TIME TO RIDE 「バイクは道具か否か」大鶴義丹 No.246より
バイクのエンジンや車のエンジンを触ったり改造したりすることの原点は、16歳の時に乗っていたヤマハDT200RのYPVSのメンテだ。言うまでもなくネットや専門書もない時代なので、ショップのオジサンから教わった通りの、見よう見まねの素人作業。しかし顔が写るまで鏡面加工したYPVSで走り出すと、すごく速くなったような気がしたのが不思議だ。もちろんプラシーボ効果なのは言うまでもないが、気分は「よろしくメカドック」である。

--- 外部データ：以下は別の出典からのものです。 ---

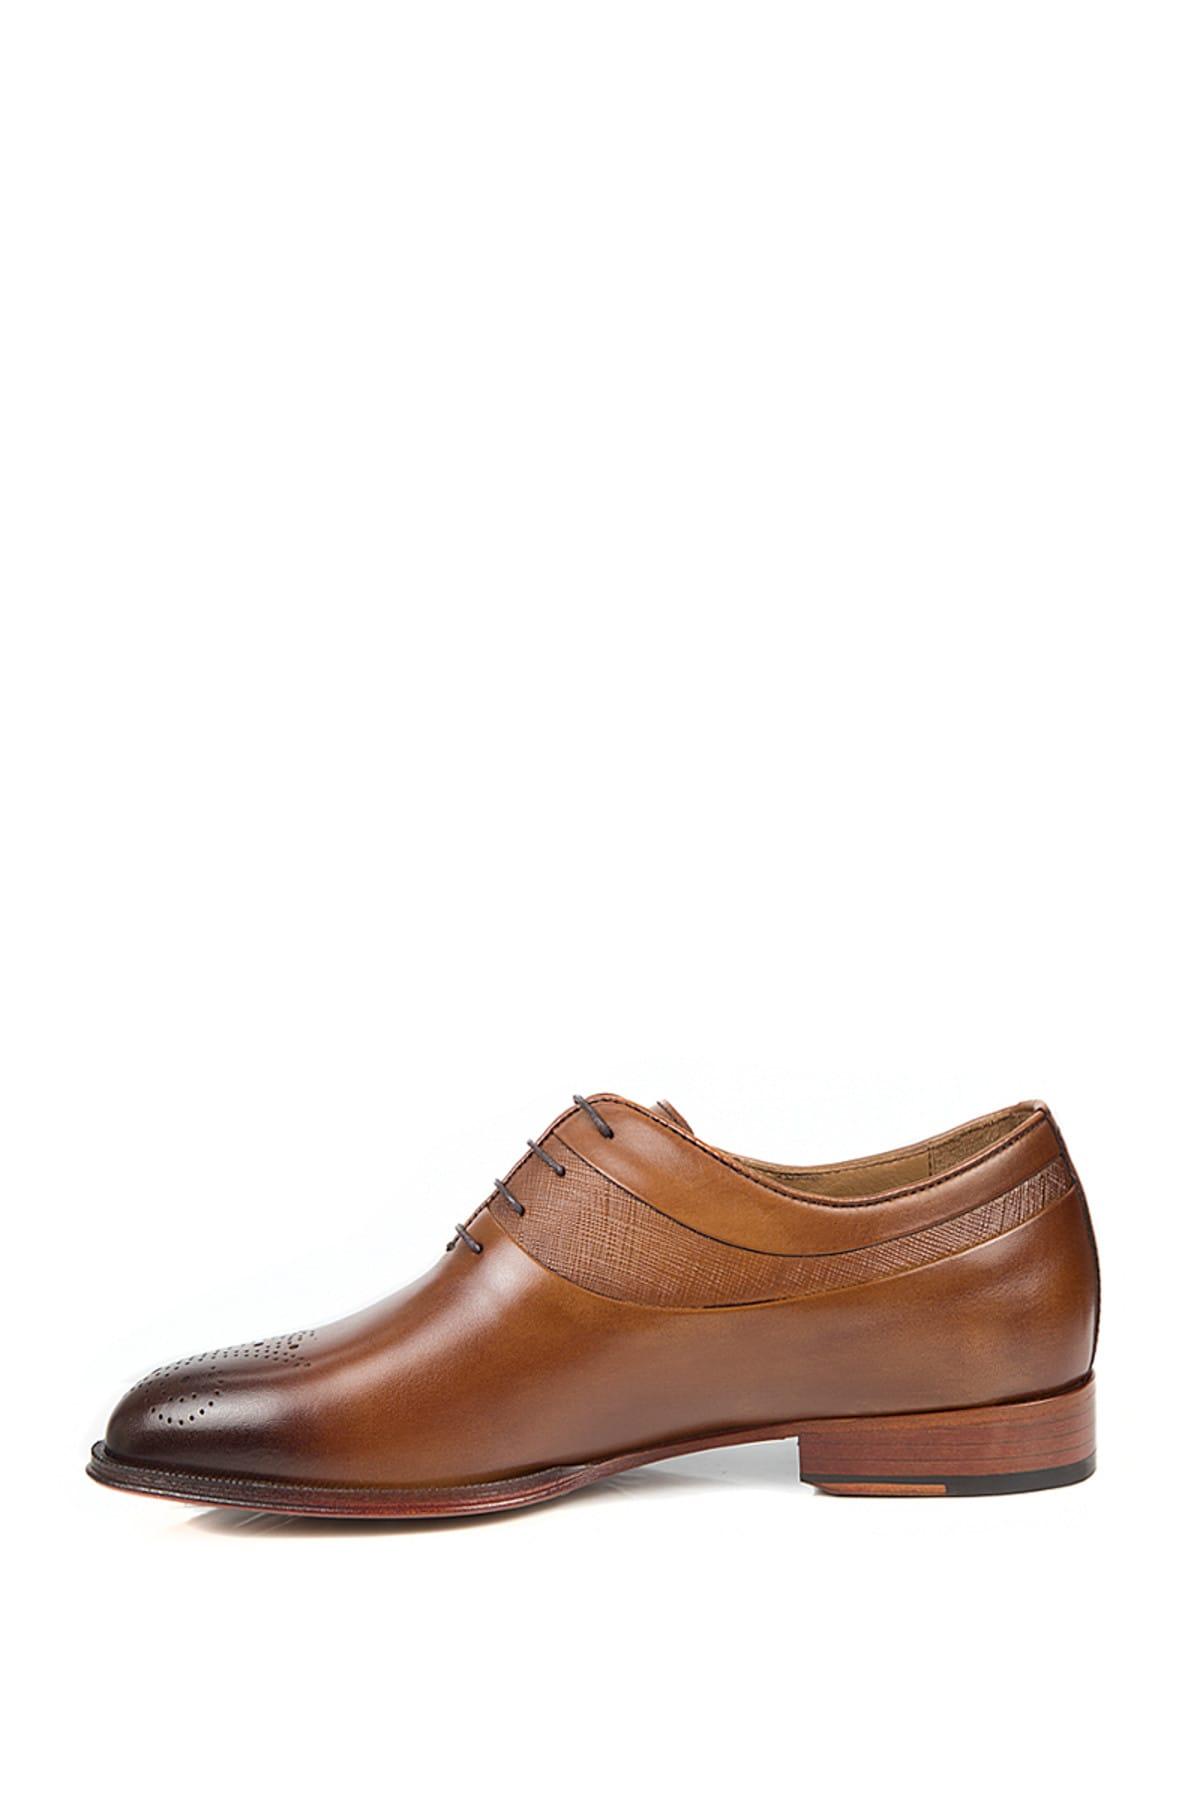 Damat Erkek  Taba Ayakkabı 2DF097780225_J01 2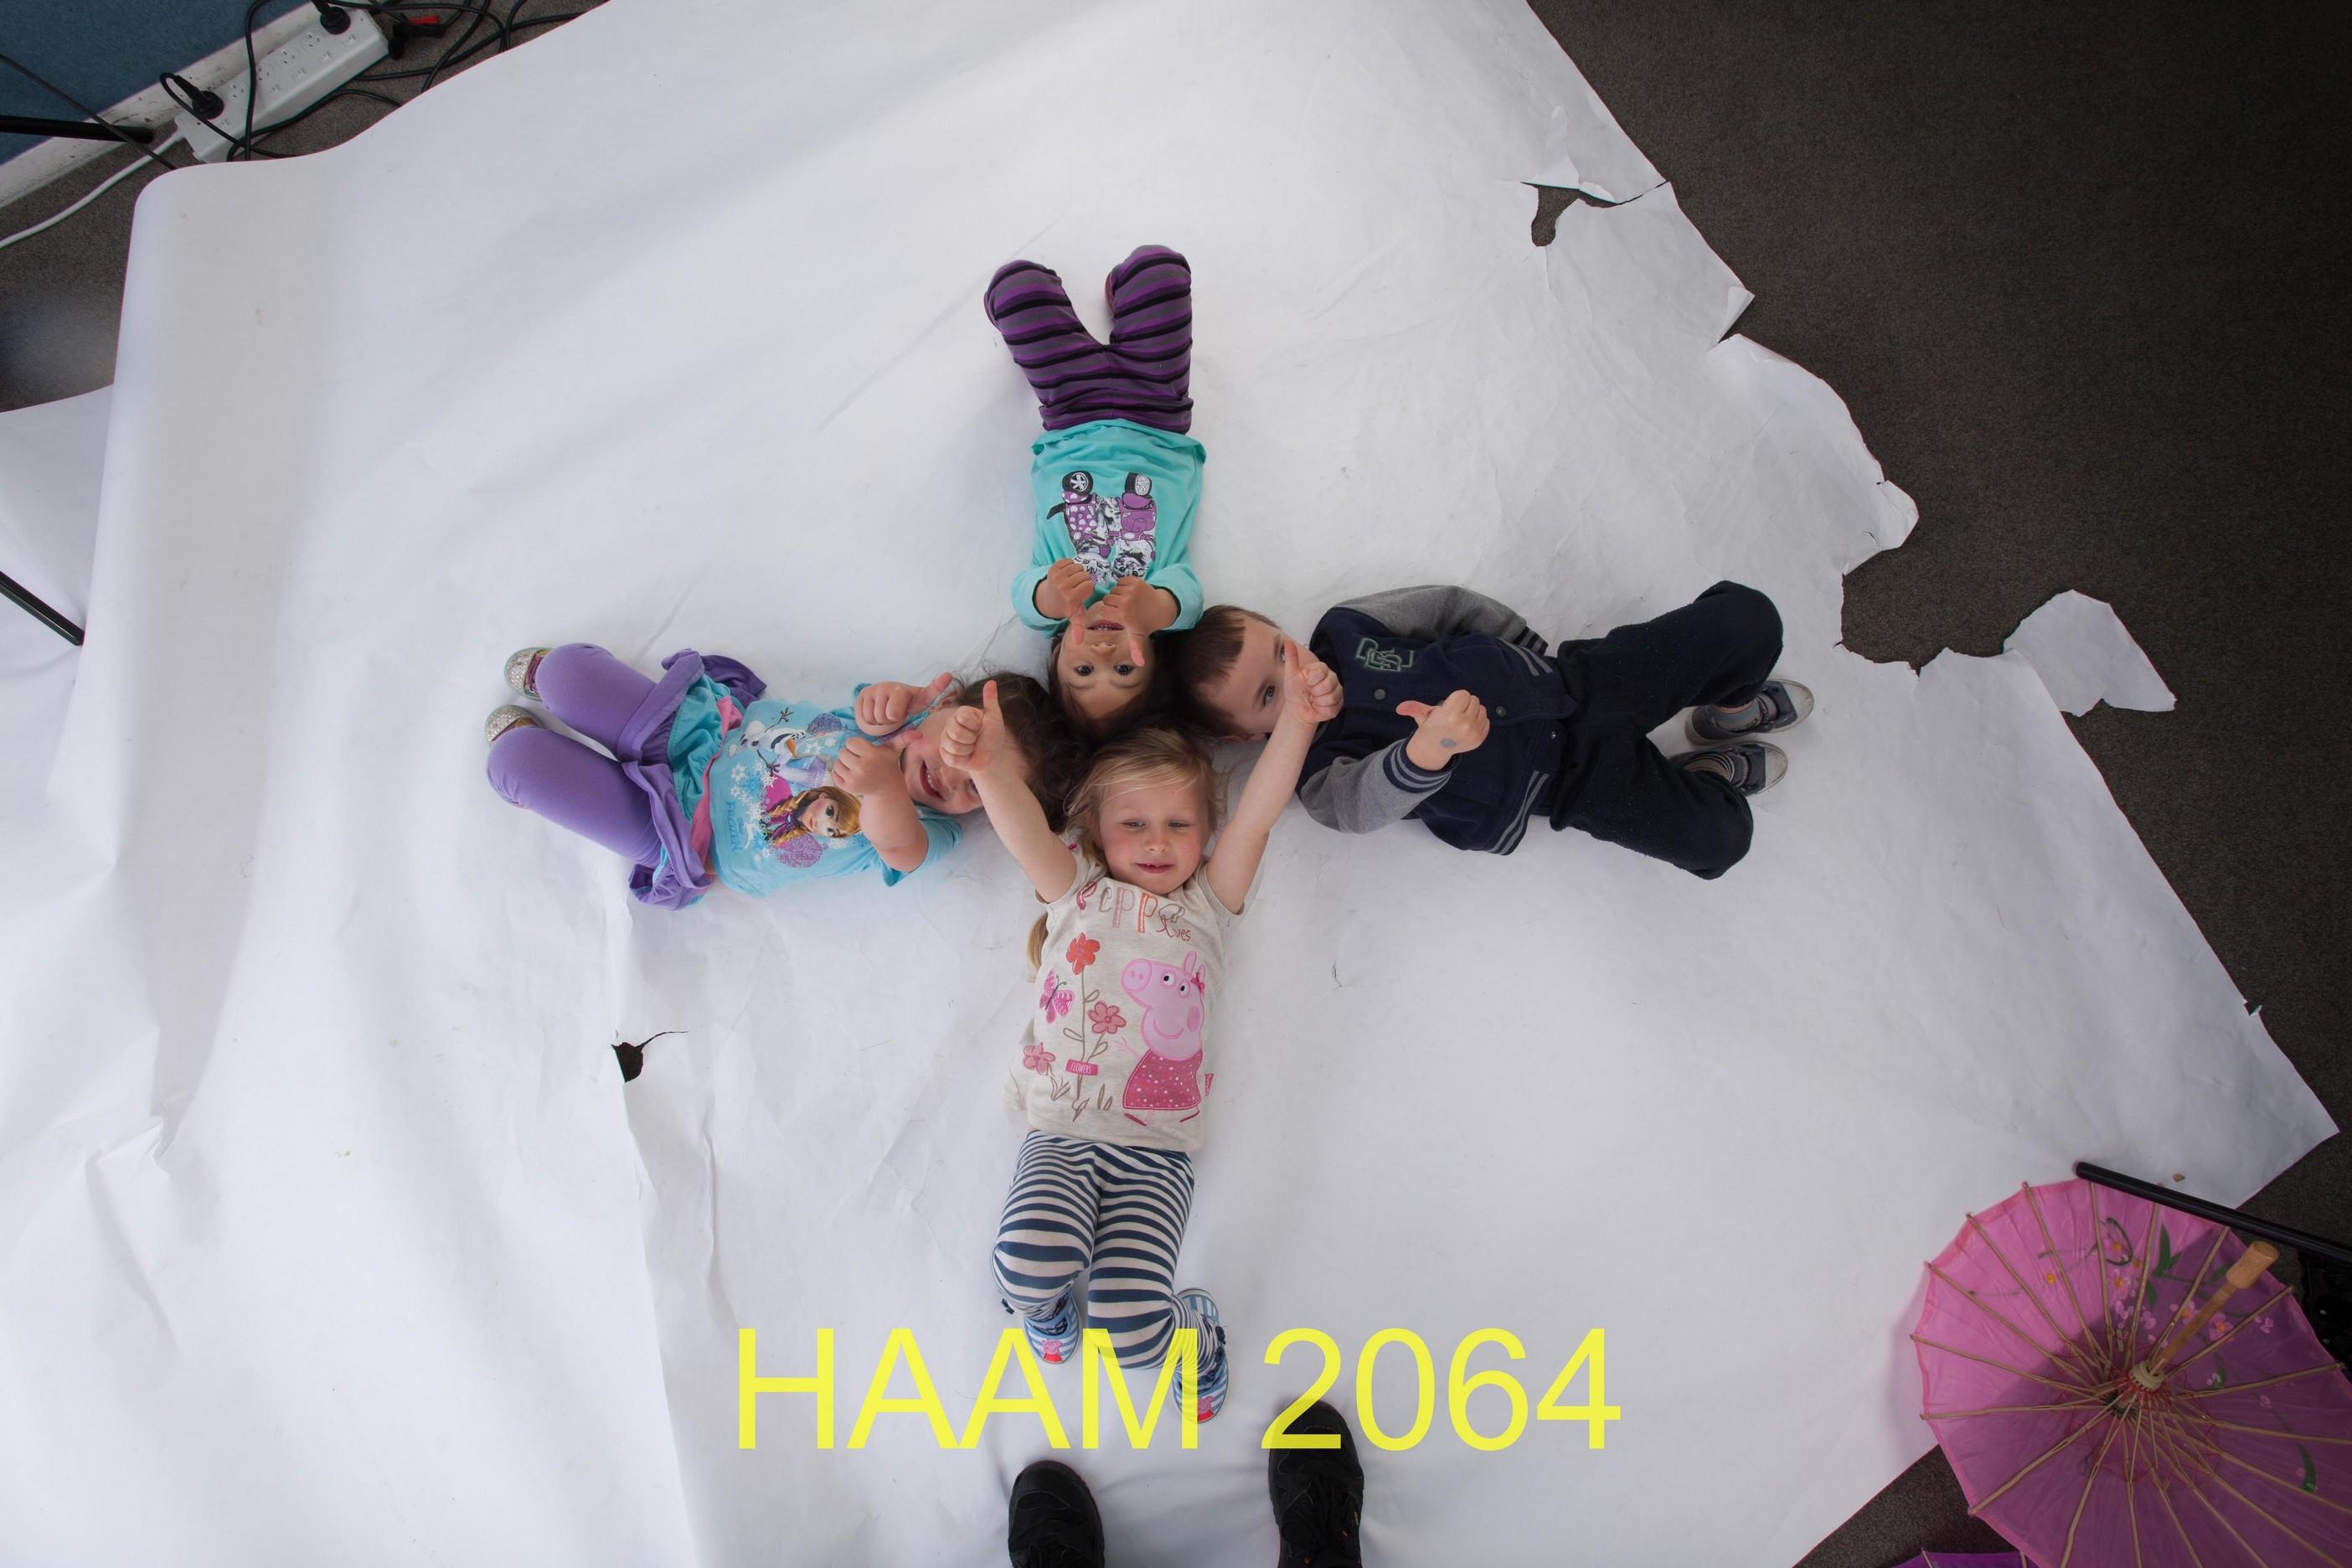 HAAM 2064

そんな昭和昔話から40年近くの時間が過ぎている。内燃機関そのものの行く末自体が不透明となり、当時のバイク仲間の多くは、もうバイクなんてものからは離れてしまっている。だが内燃機関という魅力を知ることができた、幸せな時代だった。SNSなどに無駄に振り回されることもなく「大らかに」バイクを楽しんだ。
結局は昭和話になってしまうが、やはりモーターやハイテクは面白くない。煙を吐き出すローテク機械仕掛けが好きだ。とくにキャブが好きだ。どうやってガソリンが吸い出されて爆発エネルギーに変わるかが「文系」でも理解できる。ポイント点火くらいの電気なら理解できるが、インジェクションの制御プログラムまで言ってしまうと、もう別の世界。
そんな「酔狂」が行き過ぎて、一年近くの時間をかけて、「空冷カタナ」こと、スズキGSX1100Sのエンジンをオーバーホールした。それも走っているバイクのエンジンではなく、中古エンジンを買い足しての贅沢である。